Unsterblichkeit im 21. Jahrhundert

Hat bisher die Menschheit von der Unsterblichkeit lediglich geträumt so versucht man seit Mitte des 20. Jahrhunderts das Thema wissenschaftlich zu erforschen. Ein wichtiger Schritt war die Entdeckung des menschlichen Genoms, des Erbguts, in den 50er Jahren des 20. Jahrhunderts.
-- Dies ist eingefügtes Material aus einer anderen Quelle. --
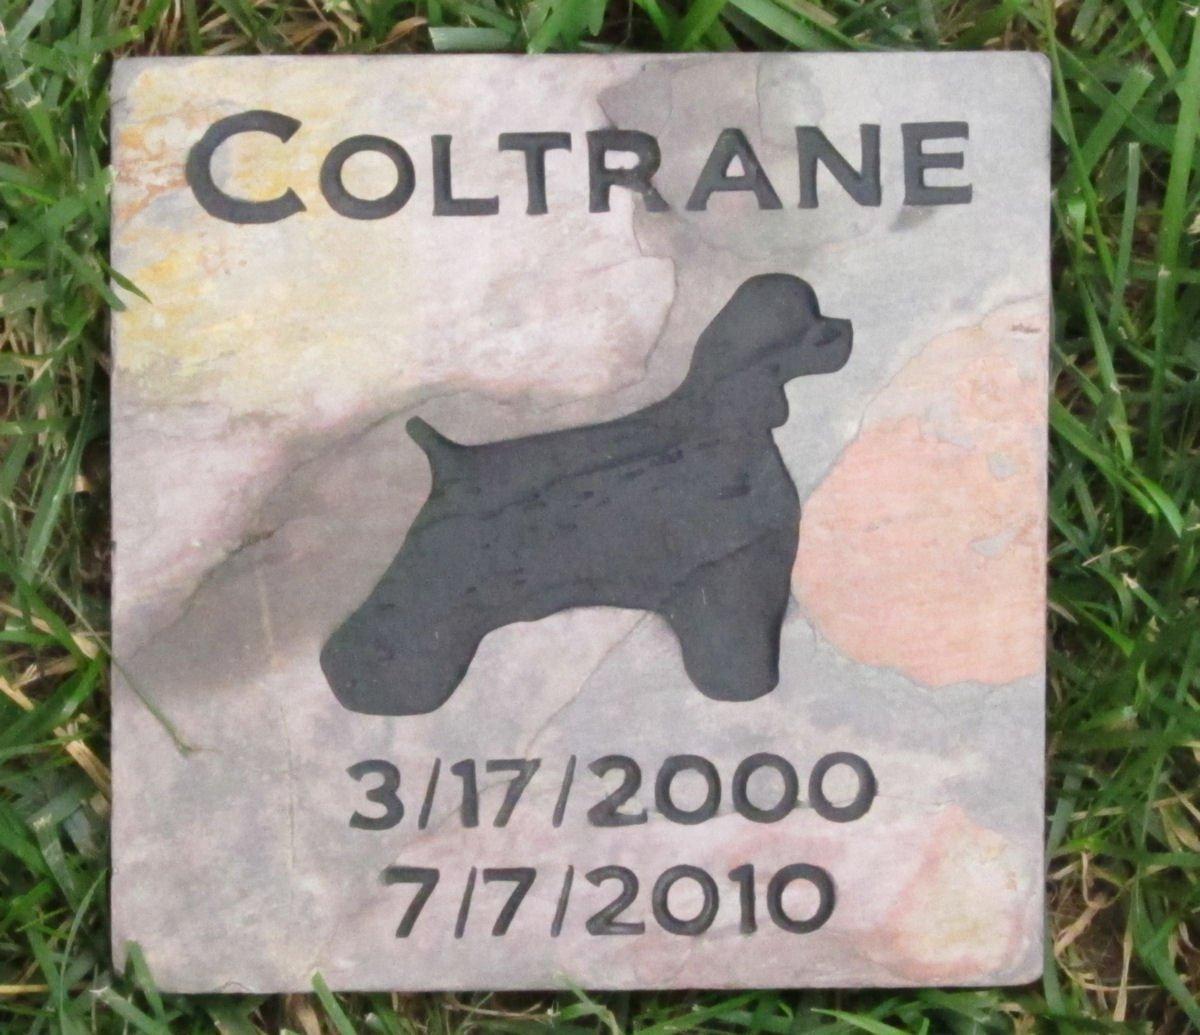 Cocker Spaniel Pet Memorial Garden Stone Grave Maker, Memorial Gift Slate 6 x 6, Other Dog Breeds Available
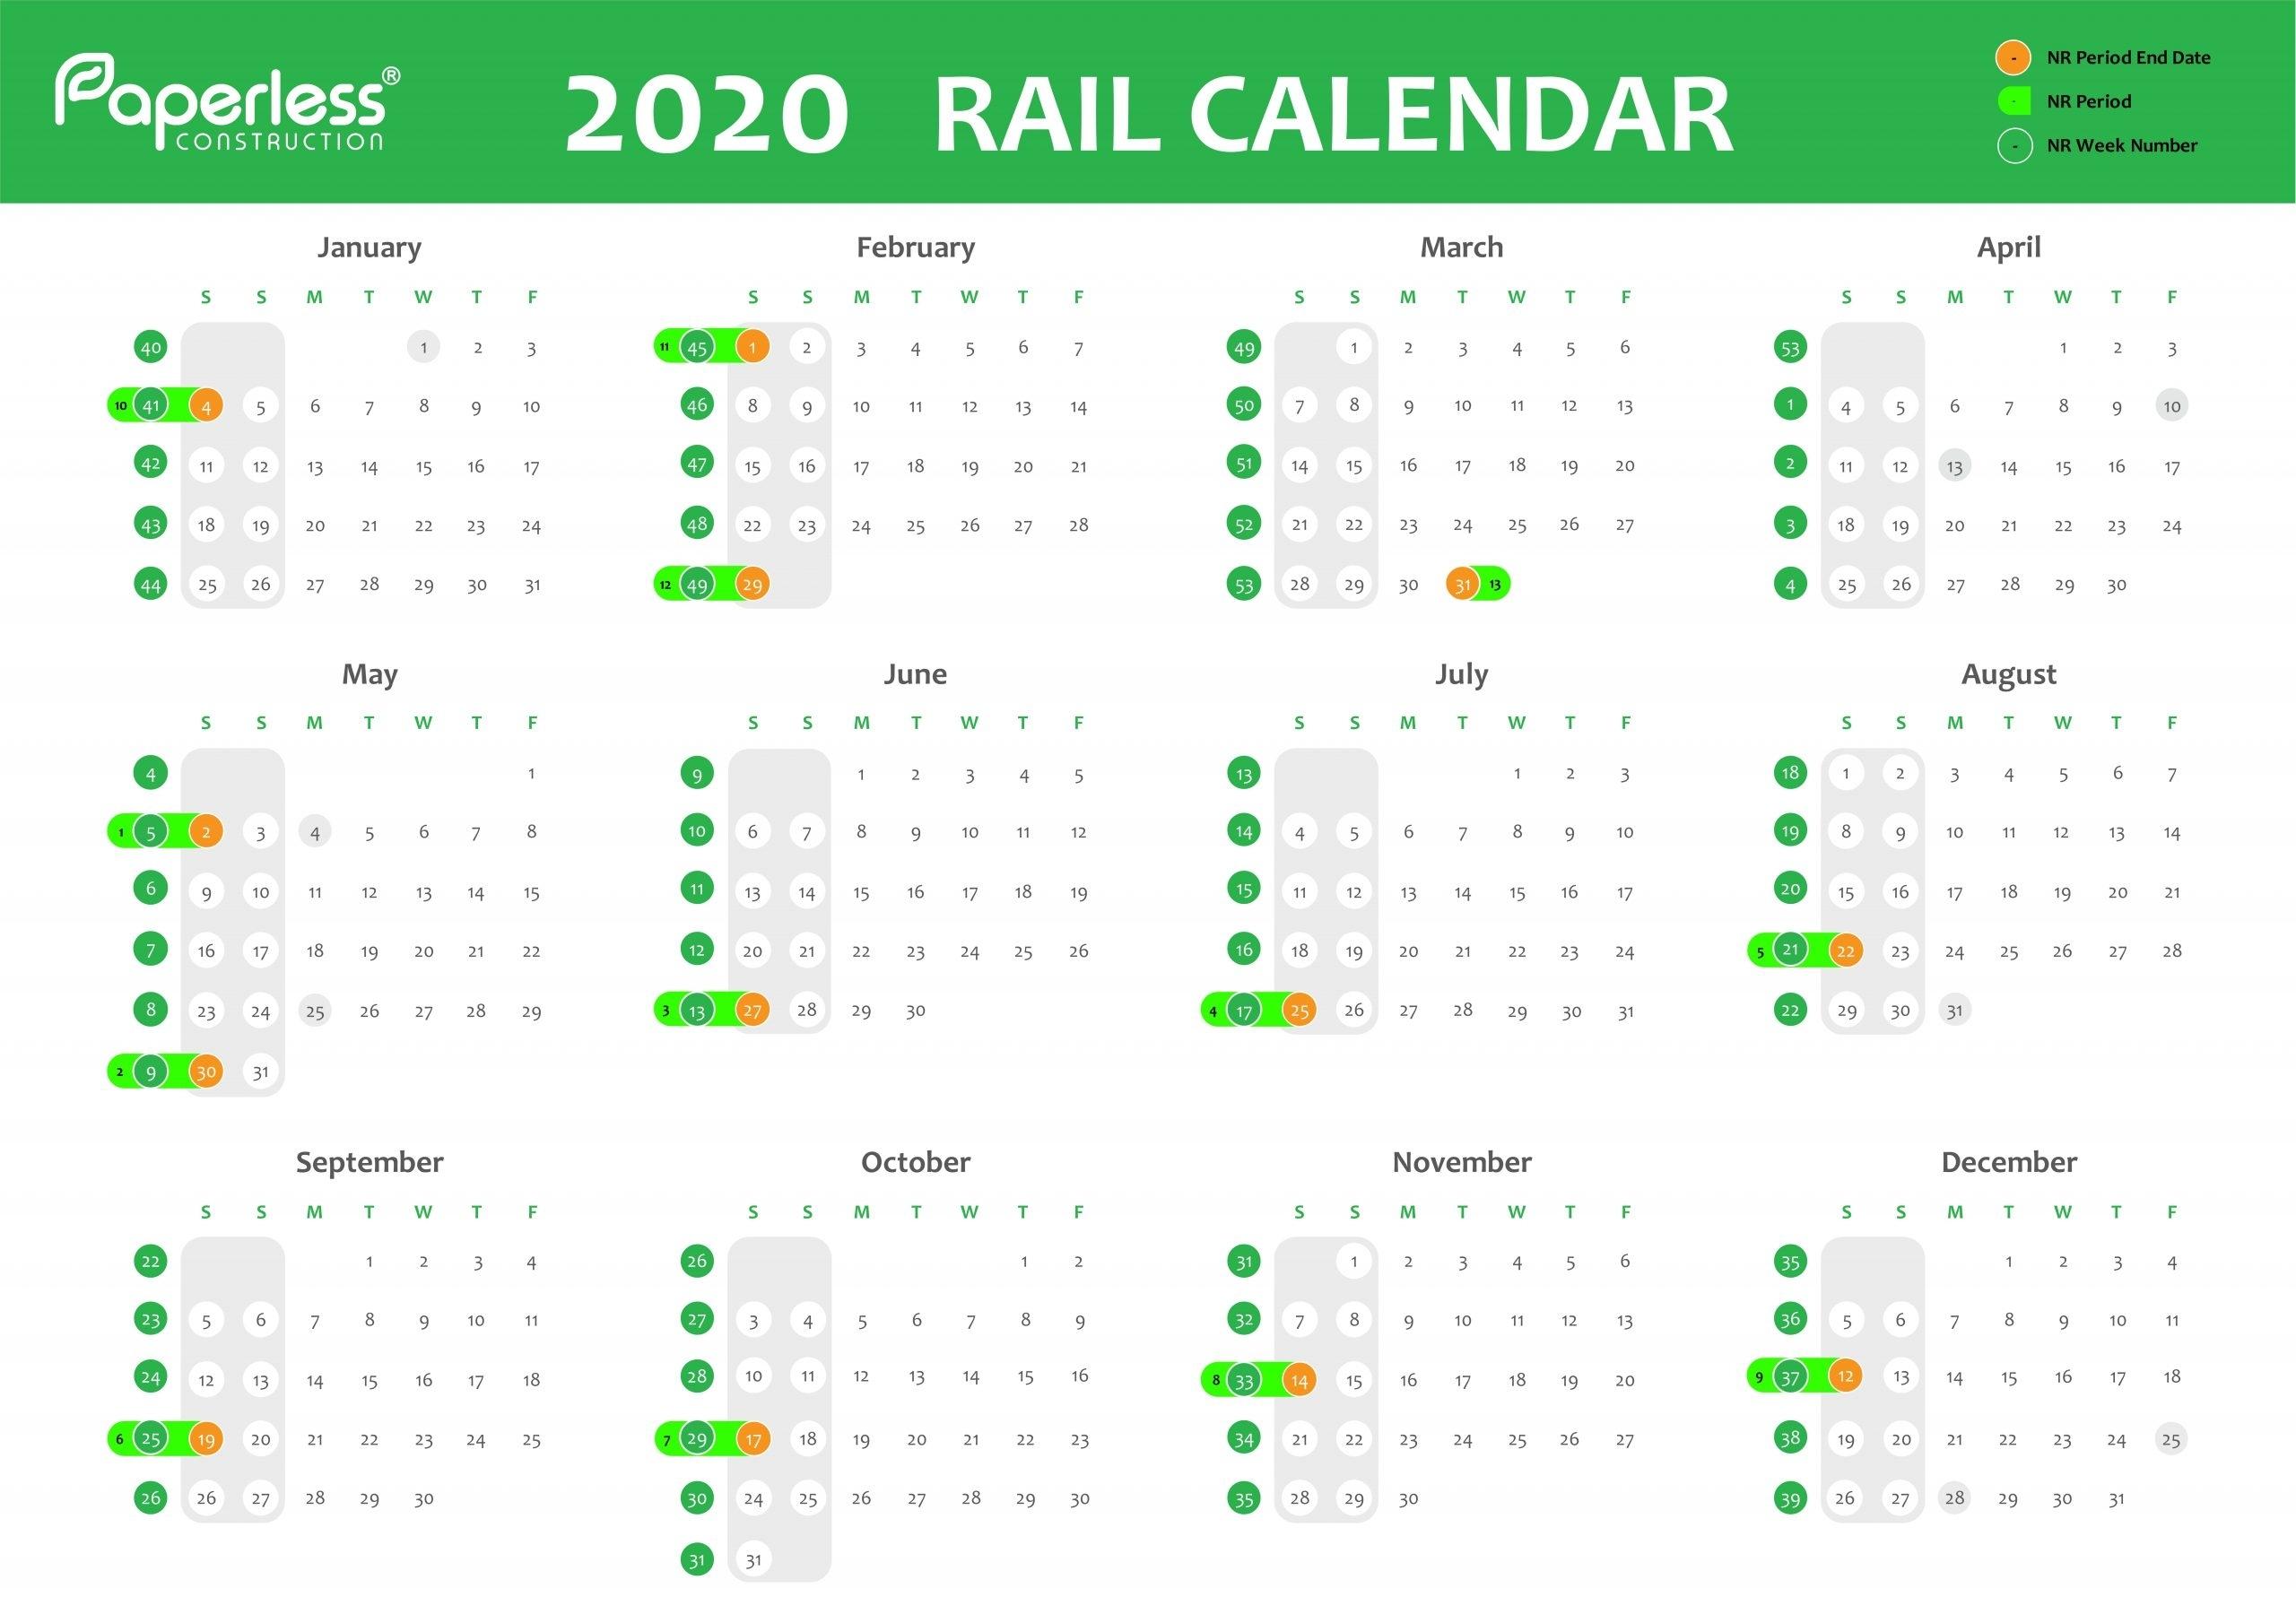 Collect Networkrail Week Numbers

Zu Beginn des 21. Jahrhunderts ist es vor allem die Stammzellenforschung, die den Forscherinnen und Forschern neue Erkenntnisse bringen. Das Besondere an embryonalen Stammzellen ist, dass sich aus diesen Zellen jede Art von menschlichem Gewebe entwickeln kann. Es handelt sich also um eine Art Urzelle, die über alle genetischen Informationen verfügt, um sich später zu einer Nerven-, Haut- oder Muskelzelle zu entwickeln. Embryonale Stammzellen werden so möglicherweise eines Tages in der Medizin als Ersatzmaterial dienlich sein können. In der Natur können solche Prozesse schon beobachtet werden: Beim Süßwasserpolypen kann kein Alterungsprozess festgestellt werden, denn er ist in der Lage, durch ständige Teilung seiner Stammzellen alle Zellen zu ersetzen. So erneuert sich der Süßwasserpolyp innerhalb von fünf Tagen vollständig. Eine weitere moderne Technik, um Unsterblichkeit zu erreichen, ist die vor allem in den USA verbreitete Kryonik. Dabei wird der Körper mit Hilfe von flüssigem Stickstoff bei -196 Grad Celsius konserviert.